The C1473G Mutation in the Mouse Tph2 Gene: From Molecular Mechanism to Biological Consequences†

Biomolecules 2025, 15(4), 461; https://doi.org/10.3390/biom15040461
by Nikita V. Khotskin, Polina D. Komleva, Alla B. Arefieva, Vitalii S. Moskaliuk, Anna Khotskina, Ghofran Alhalabi, Arseniy E. Izyurov, Nadezhda A. Sinyakova, Daniil Sherbakov, Elizabeth A. Kulikova, Daria V. Bazovkina and Alexander V. Kulikov *
Reviewer 1: Anonymous
Reviewer 2: Anonymous
Biomolecules 2025, 15(4), 461; https://doi.org/10.3390/biom15040461
Submission received: 27 December 2024 / Revised: 28 February 2025 / Accepted: 12 March 2025 / Published: 21 March 2025

Round 1

Reviewer 1 Report

Comments and Suggestions for Authors

 

Biomolecules manuscript 3421224 "The C1473G mutation in the mouse Tph2 gene: from molecular mechanism to biological consequences" by N. V. Khotskin et al.

 

In this manuscript, the authors are interested in Tryptophan hydroxylase 2 (TPH2) mutations associated with psychopathology and resistance to antidepressant therapy and more specifically by the C1473G polymorphism that decreases TPH2 activity in the mouse brain. The authors used B6-1473C and B6-1473G congenic mice that differ only in the C to G substitution. They report that the C to G substitution reduces free energy of denaturation, stability and life time of TPH2 enzyme. They found that the 1473G allele causes hind legs dystonia in juvenile (3 weeks old) mice and a significant increase in the vulnerability to 2 mg/kg of bacterial lipopolysaccharide (LPS) in juvenile males. They found that a single ip LPS injection killed about 40% of young mutant, but not wild type mice.

 

This manuscript is sound and interesting for the reader, since the consequences of the C1473G polymorphism remained unclear. However, there are few adjustments that seems necessary before publication.

 

1-The authors report that the C to G substitution reduces stability and life time of TPH2 enzyme with a marked decrease in the TPH2 protein level in the midbrain of mice, but with no change in TPH2 activity in the whole brain of embryos.  The authors should document this apparent discrepancy further. In addition, they indicate that "a relatively high expression of the Tph1 gene in the brain of mouse embryos was revealed". Again, the readers need to know in more details this surprising observation, where this increase is taking place, and in which cells.

 

2-The authors report that the 1473G allele produces negative effect on survival of young mice with hind legs dystonia. The authors need again to document this observation in more details

 

3-The authors discuss that "Low TPH2 activity of the mutant enzyme does not seem to be sufficient restore the LPS-induced loss of 5-HT in the first 72 hours after LPS administration". We would need to have a more detailed experiment illustrating this point.

 

4-There are many typos. For example, line 566 what means "At the same time, no alteration in the brain 5-HT metabolism and the expression of Il1b, Tnf, Tph2, Slc6a4, Htr1a, Htr2a genes did not observed in the midbrain of the survived B6-1473G and B6-1473C mice”?

 

Comments on the Quality of English Language

 

Biomolecules manuscript 3421224 "The C1473G mutation in the mouse Tph2 gene: from molecular mechanism to biological consequences" by N. V. Khotskin et al.

 

In this manuscript, the authors are interested in Tryptophan hydroxylase 2 (TPH2) C1473G polymorphism that decreases TPH2 activity in the mouse brain.
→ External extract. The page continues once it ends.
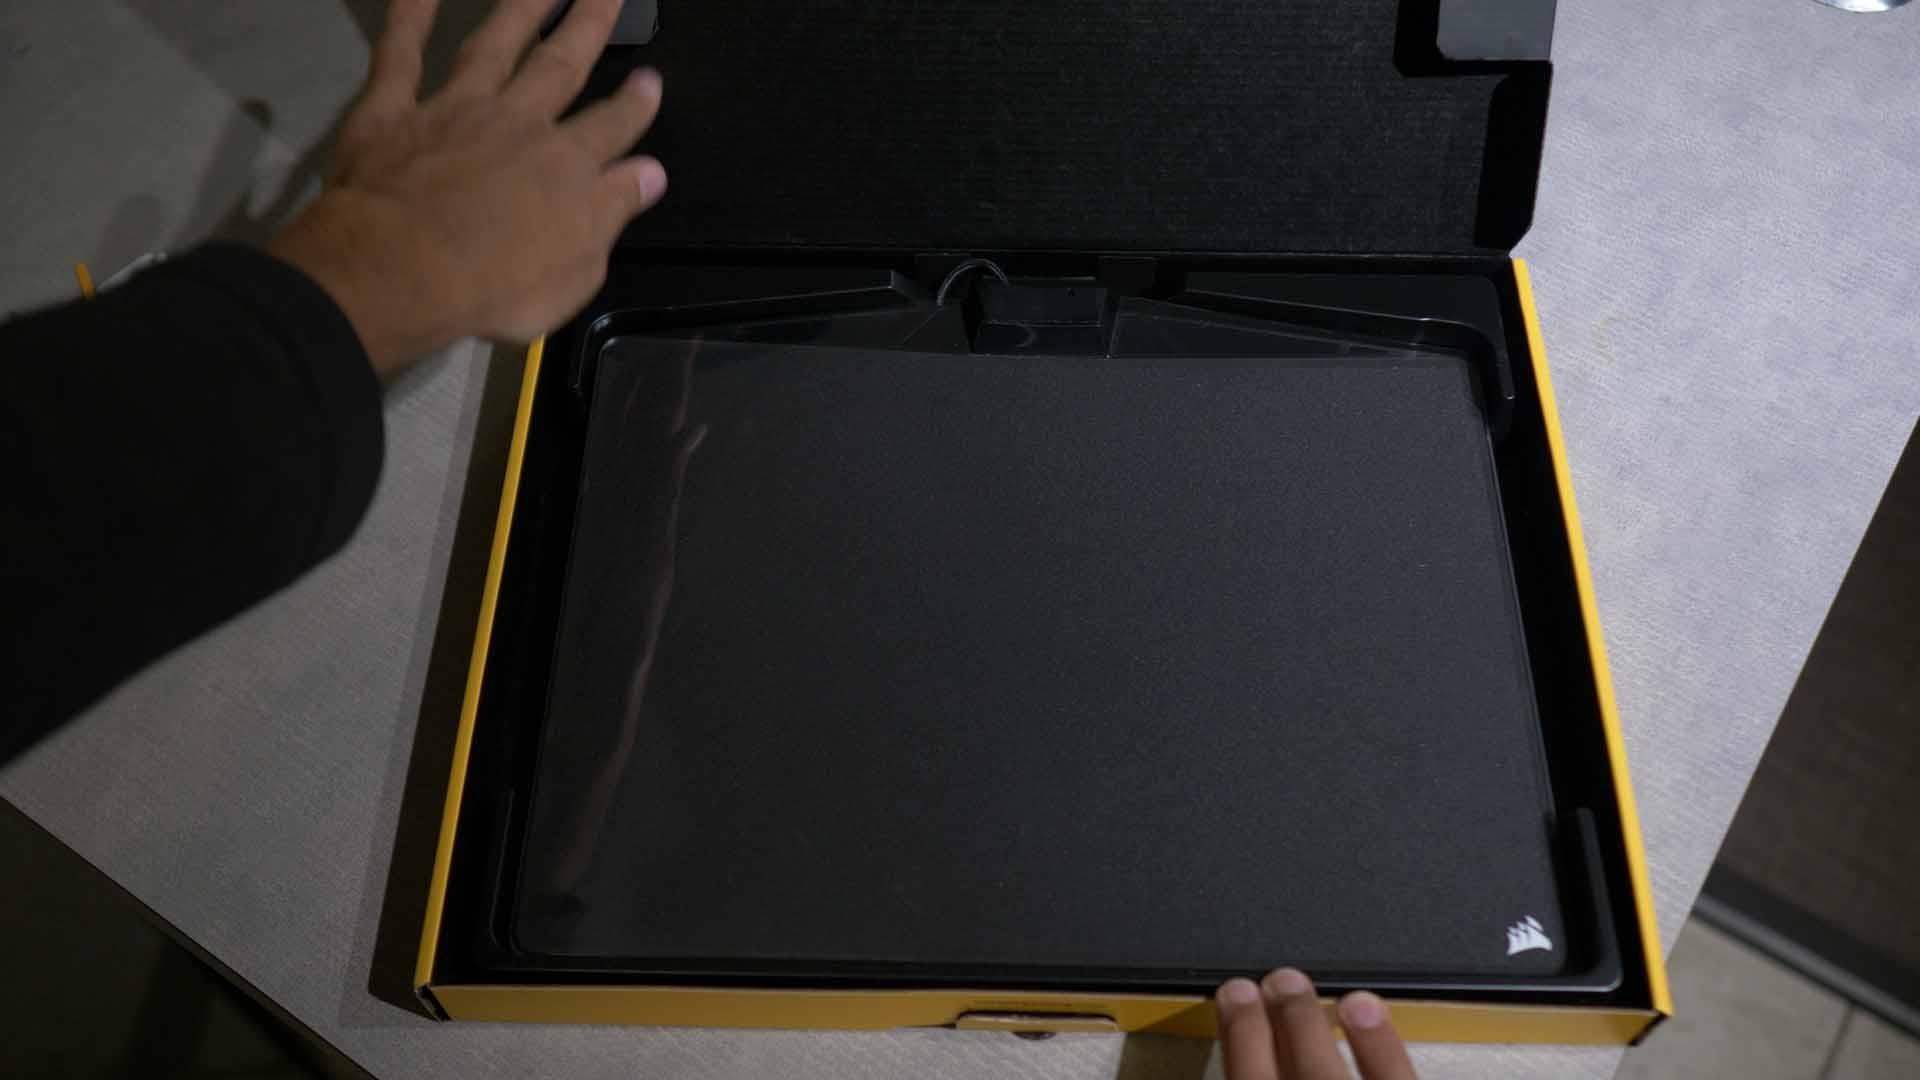 Unboxing Corsair 800C 2 unsmushed - Corsair MM800C Mousepad Review - RGB Overload?
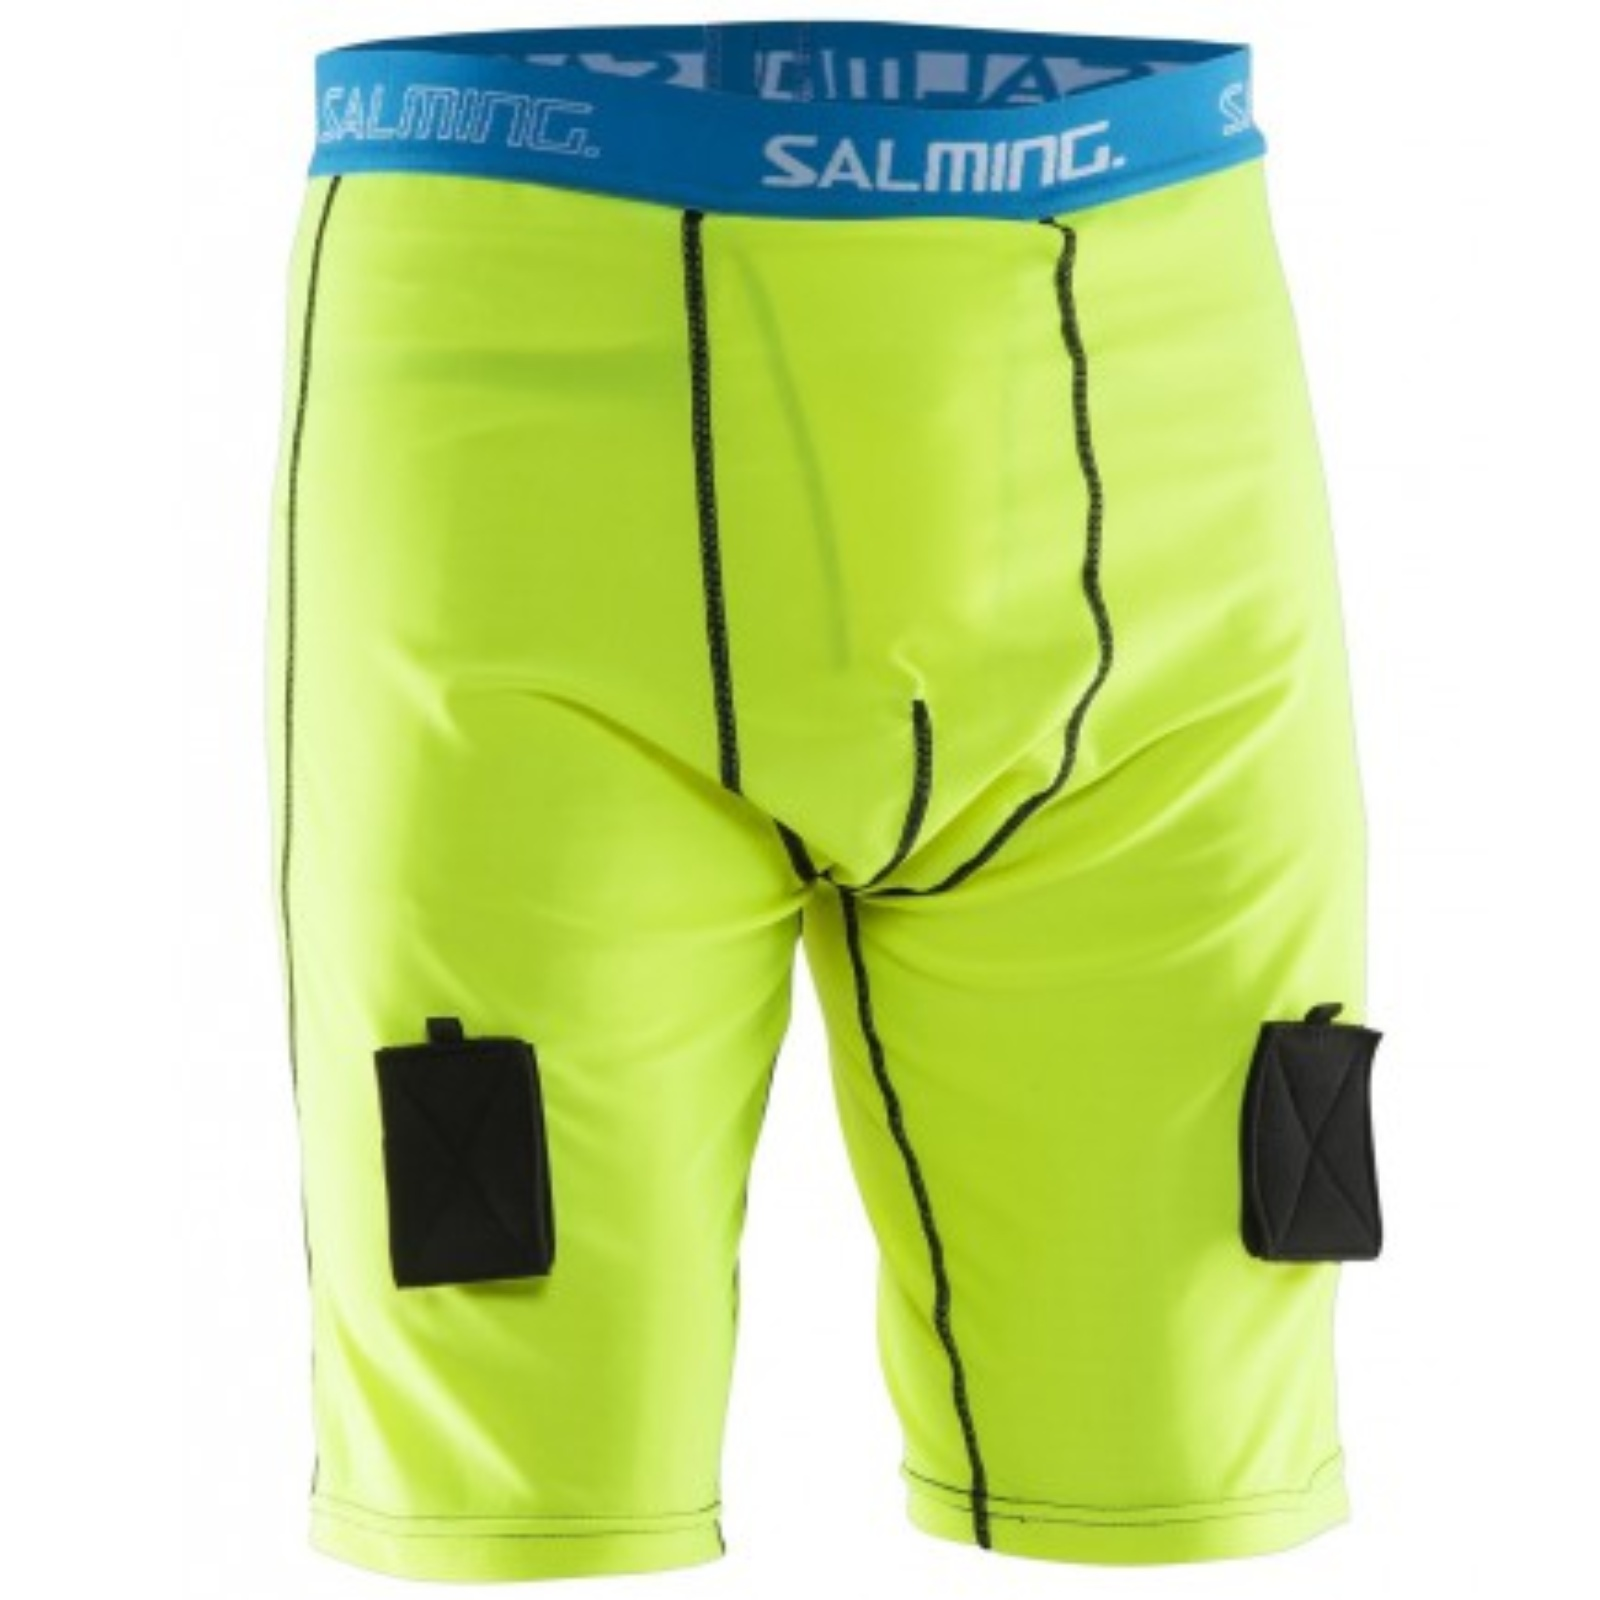 Hokejové šortky SALMING Comp Jock Short Pant junior

They found that the 1473G allele causes hind legs dystonia in juvenile (3 weeks old) mice and a significant increase in the vulnerability to 2 mg/kg of bacterial lipopolysaccharide (LPS) in juvenile males. This manuscript is sound and of interest, since the consequences of the C1473G polymorphism remained unclear. However, there are few additional information that seems necessary before publication.

 

Author Response

Biomolecules manuscript 3421224 "The C1473G mutation in the mouse Tph2 gene: from molecular mechanism to biological consequences" by N. V. Khotskin et al.

 

In this manuscript, the authors are interested in Tryptophan hydroxylase 2 (TPH2) mutations associated with psychopathology and resistance to antidepressant therapy and more specifically by the C1473G polymorphism that decreases TPH2 activity in the mouse brain. The authors used B6-1473C and B6-1473G congenic mice that differ only in the C to G substitution. They report that the C to G substitution reduces free energy of denaturation, stability and life time of TPH2 enzyme. They found that the 1473G allele causes hind legs dystonia in juvenile (3 weeks old) mice and a significant increase in the vulnerability to 2 mg/kg of bacterial lipopolysaccharide (LPS) in juvenile males. They found that a single ip LPS injection killed about 40% of young mutant, but not wild type mice.

 

This manuscript is sound and interesting for the reader, since the consequences of the C1473G polymorphism remained unclear. However, there are few adjustments that seems necessary before publication.

 

1-The authors report that the C to G substitution reduces stability and life time of TPH2 enzyme with a marked decrease in the TPH2 protein level in the midbrain of mice, but with no change in TPH2 activity in the whole brain of embryos.  The authors should document this apparent discrepancy further. In addition, they indicate that "a relatively high expression of the Tph1 gene in the brain of mouse embryos was revealed". Again, the readers need to know in more details this surprising observation, where this increase is taking place, and in which cells.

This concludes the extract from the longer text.